• **Dataset extract**:
---+---

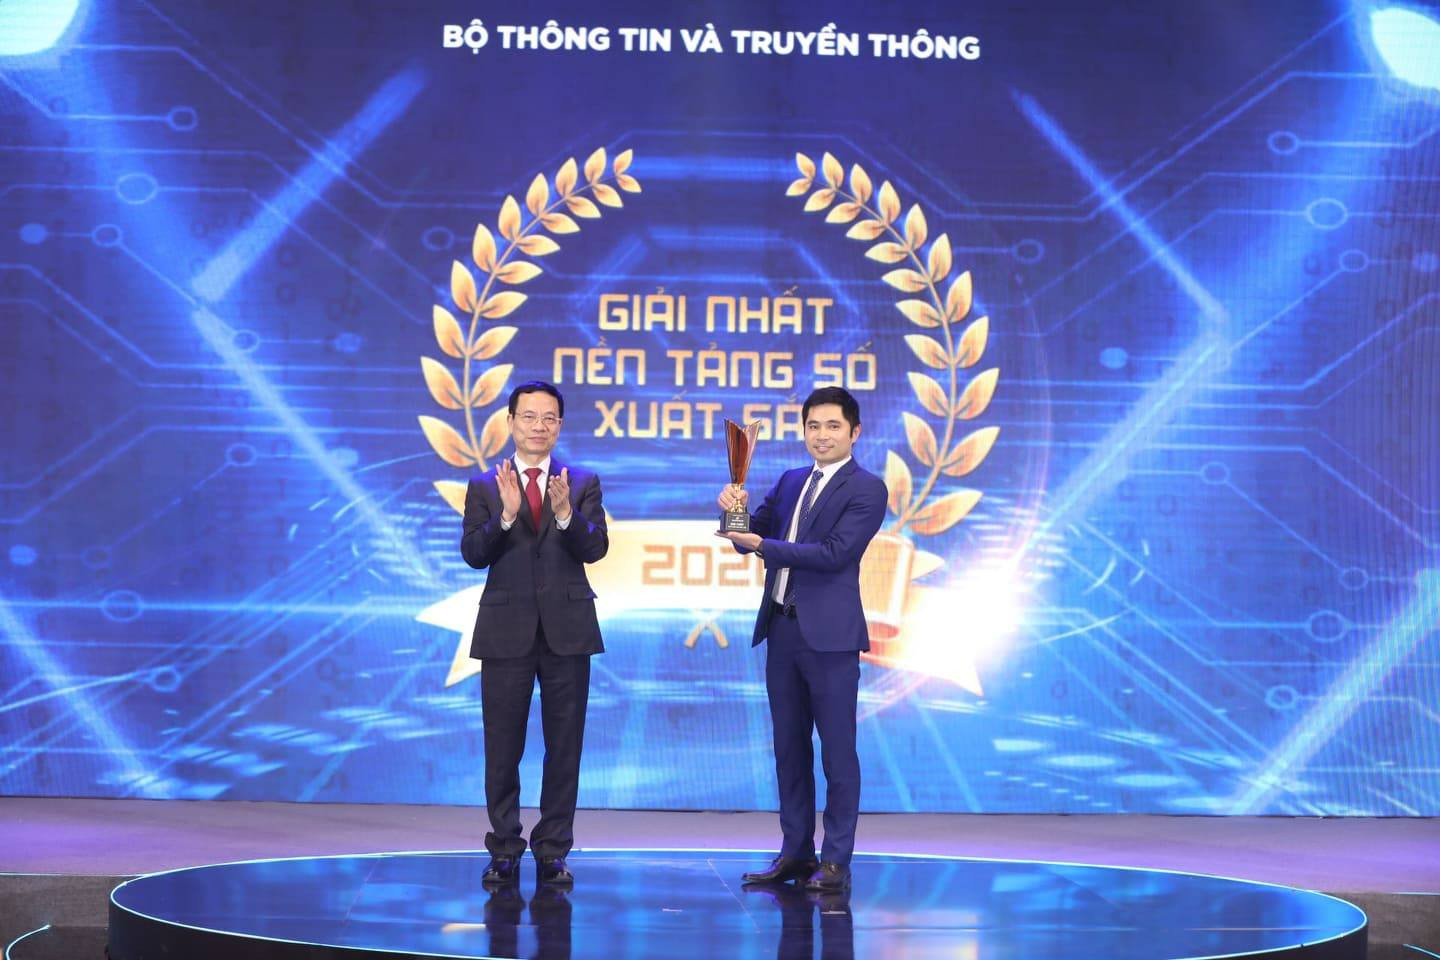 akaBot đạt giải nhất ở hạng mục Sản phẩm số xuất sắc của Giải thưởng Sản phẩm công nghệ số Make in Viet Nam.
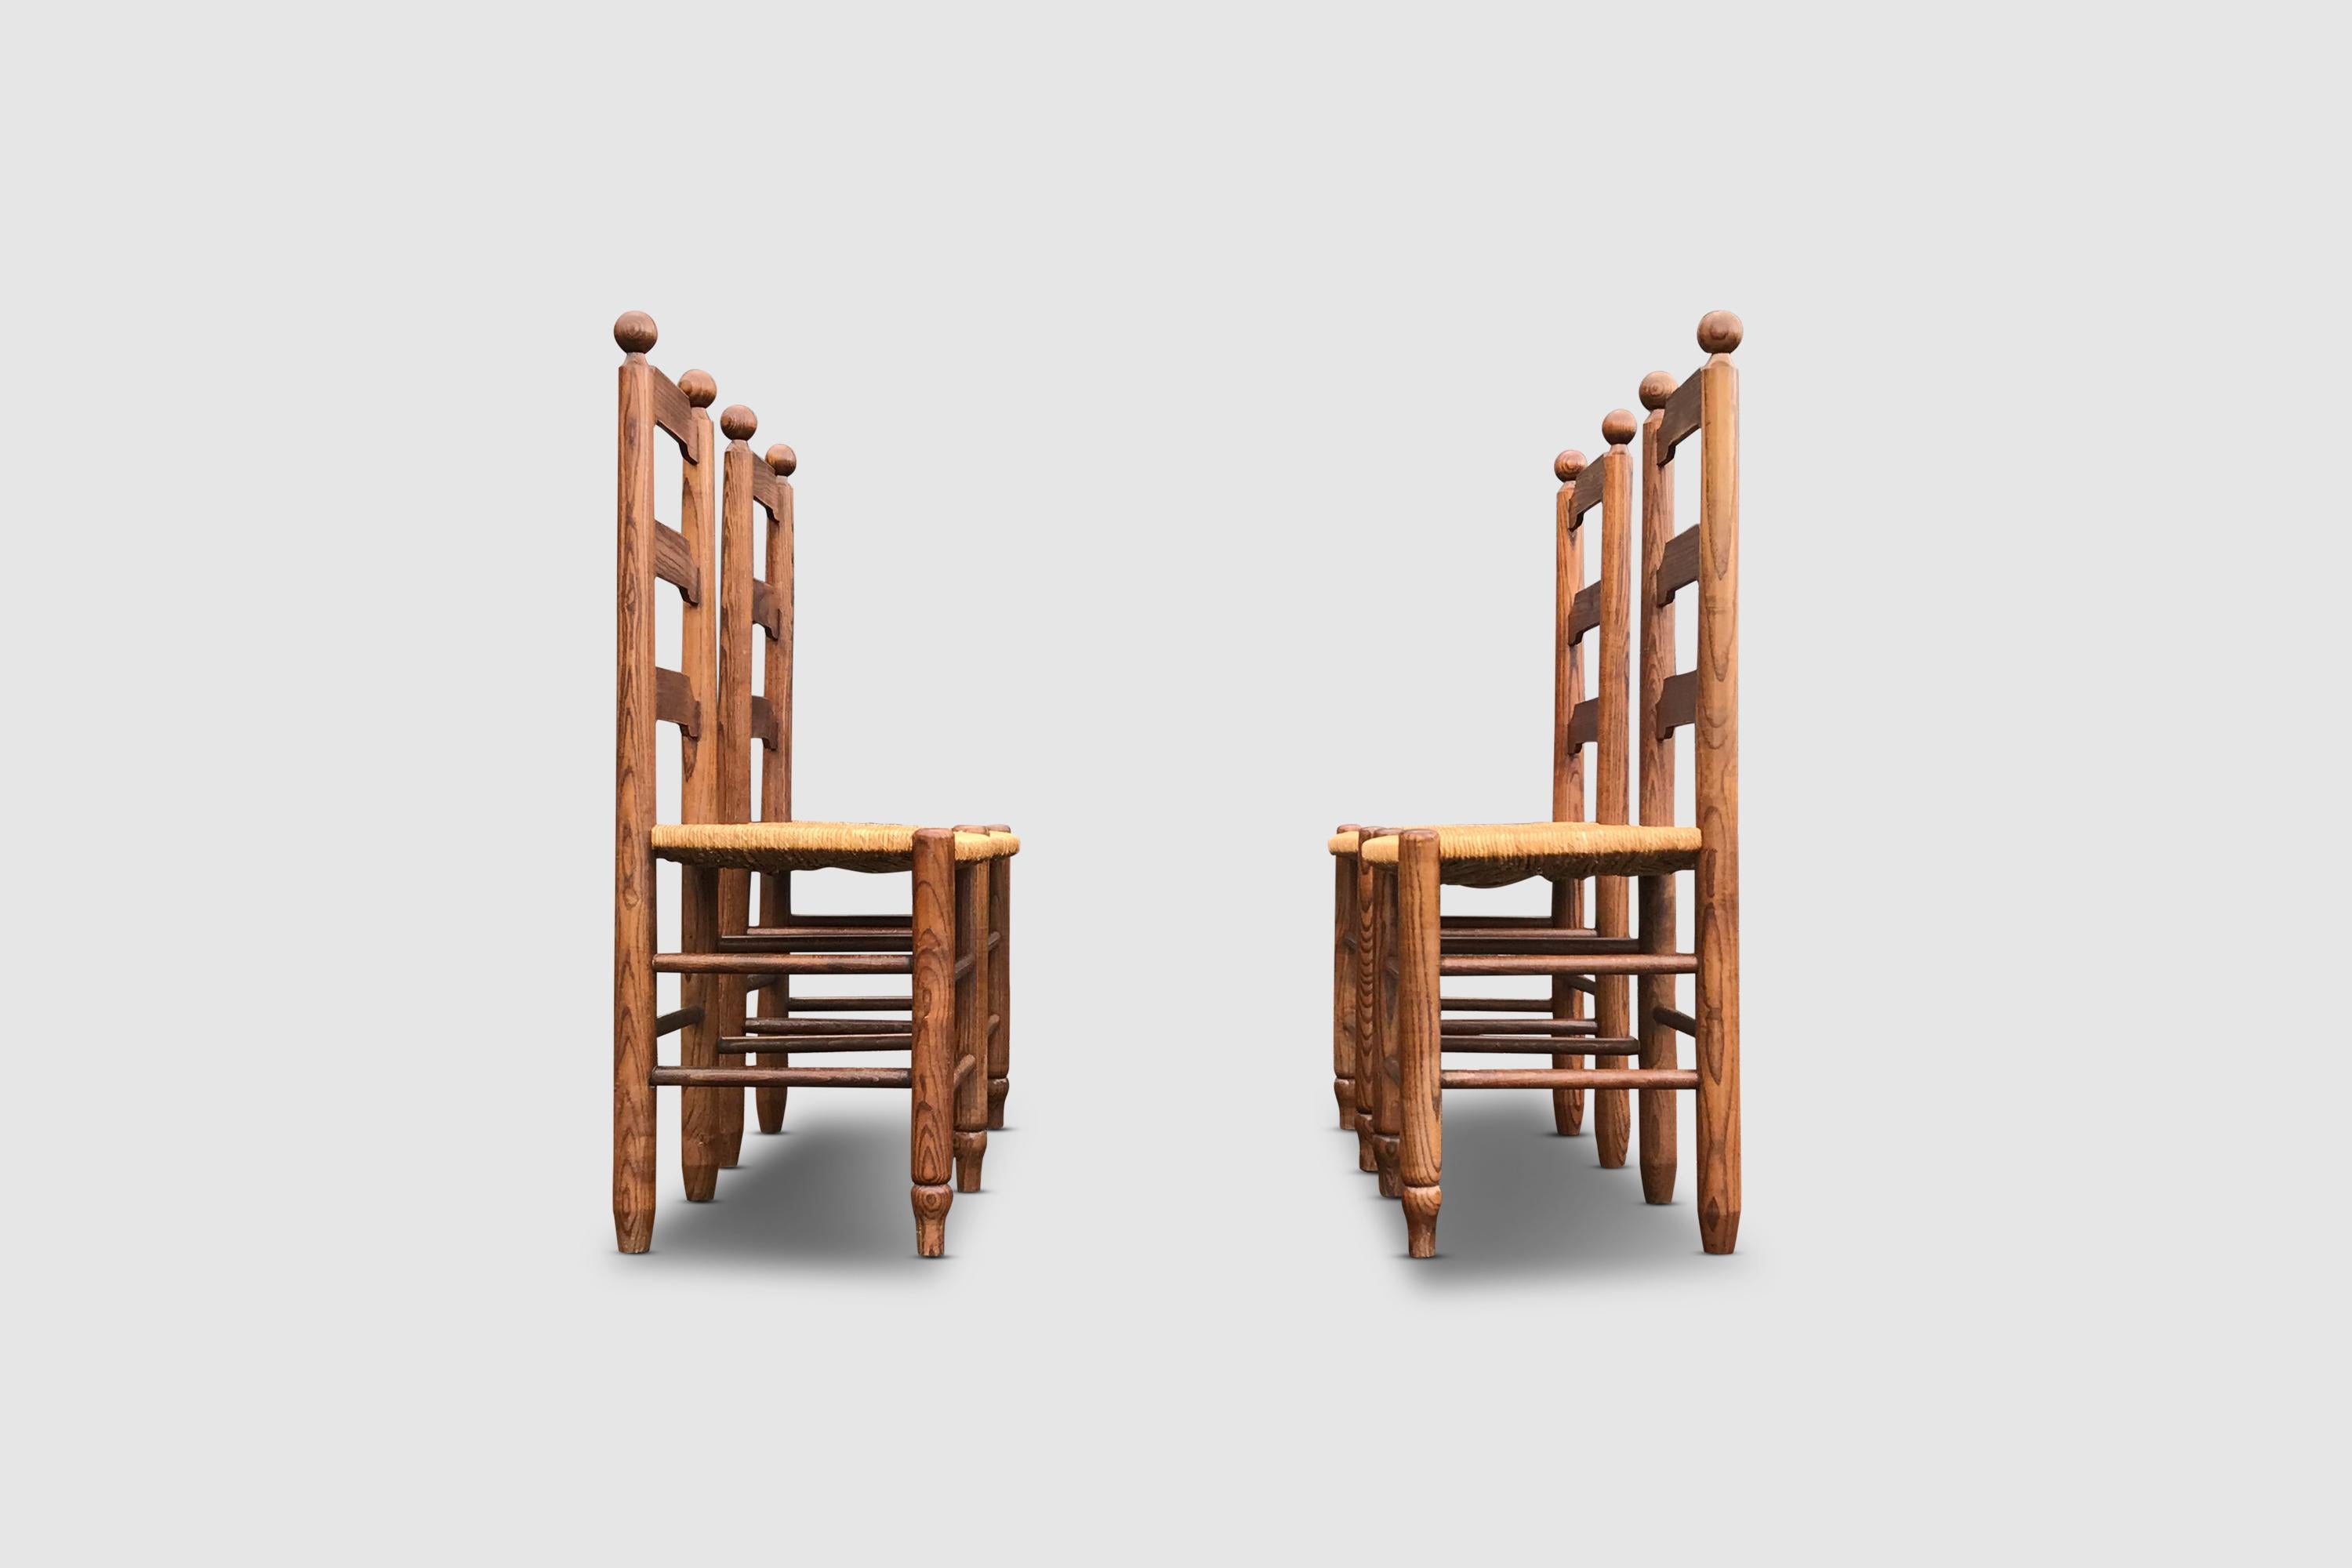 Ensemble de chaises rustiques en chêne et en osier de l'artisan français Georges Robert.

Les chaises sont surmontées d'un nœud sculpté typique. Le dossier est à triple lattes et sculpté de manière traditionnelle. La chaise est dotée d'épaisses

---+---

• **Requirement**:
Exactly as written, return each line above and leave the pictures behind.

• **Reply to the exercise**:
 akaBot đạt giải nhất ở hạng mục Sản phẩm số xuất sắc của Giải thưởng Sản phẩm công nghệ số Make in Viet Nam.
 Ensemble de chaises rustiques en chêne et en osier de l'artisan français Georges Robert.

Les chaises sont surmontées d'un nœud sculpté typique. Le dossier est à triple lattes et sculpté de manière traditionnelle. La chaise est dotée d'épaisses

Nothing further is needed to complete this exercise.